Fine-tuning text generation models can make them better for specific applications, but it requires a careful investment of time and effort. We recommend first attempting to get good results with prompt engineering, prompt chaining (breaking complex tasks into multiple prompts), and function calling, with the key reasons being:

  • There are many tasks at which our models may not initially appear to perform well, but results can be improved with the right prompts - thus fine-tuning may not be necessary
  • Iterating over prompts and other tactics has a much faster feedback loop than iterating with fine-tuning, which requires creating datasets and running training jobs
  • In cases where fine-tuning is still necessary, initial prompt engineering work is not wasted - we typically see best results when using a good prompt in the fine-tuning data (or combining prompt chaining / tool use with fine-tuning)

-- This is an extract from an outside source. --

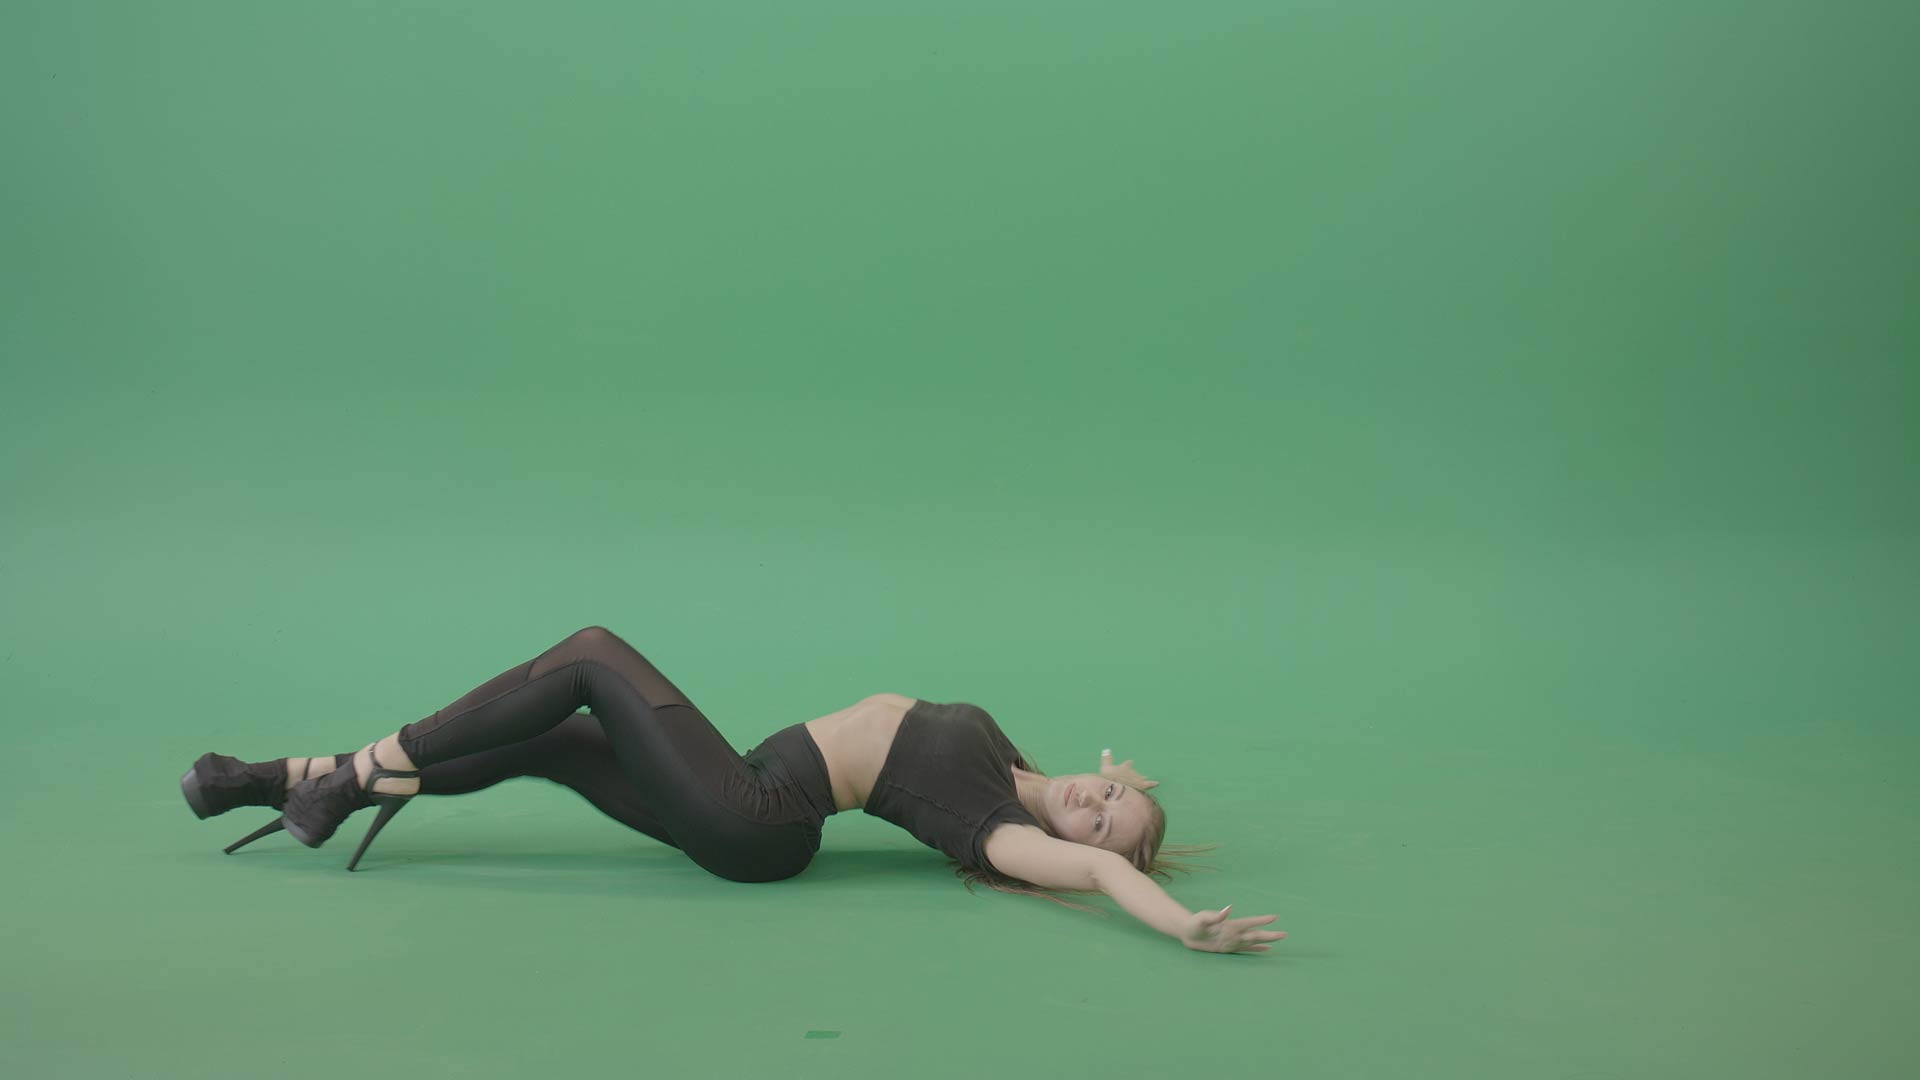 Modern-dance-green-screen-video-footage

Prompt engineering guide provides a background on some of the most effective strategies and tactics for getting better performance without fine-tuning. You may find it helpful to iterate quickly on prompts in our playground.

Common use cases

Some common use cases where fine-tuning can improve results:

  • Setting the style, tone, format, or other qualitative aspects
  • Improving reliability at producing a desired output
  • Correcting failures to follow complex prompts
  • Handling many edge cases in specific ways
  • Performing a new skill or task that's hard to articulate in a prompt

One high-level way to think about these cases is when it's easier to "show, not tell". In the sections to come, we will explore how to set up data for fine-tuning and various examples where fine-tuning improves the performance over the baseline model.

Another scenario where fine-tuning is effective is reducing cost and/or latency by replacing a more expensive model like gpt-4o with a fine-tuned gpt-4o-mini model. If you can achieve good results with gpt-4o, you can often reach similar quality with a fine-tuned gpt-4o-minimodel by fine-tuning on the gpt-4o completions, possibly with a shortened instruction prompt. After your job is completed, the model should be available right away for inference use.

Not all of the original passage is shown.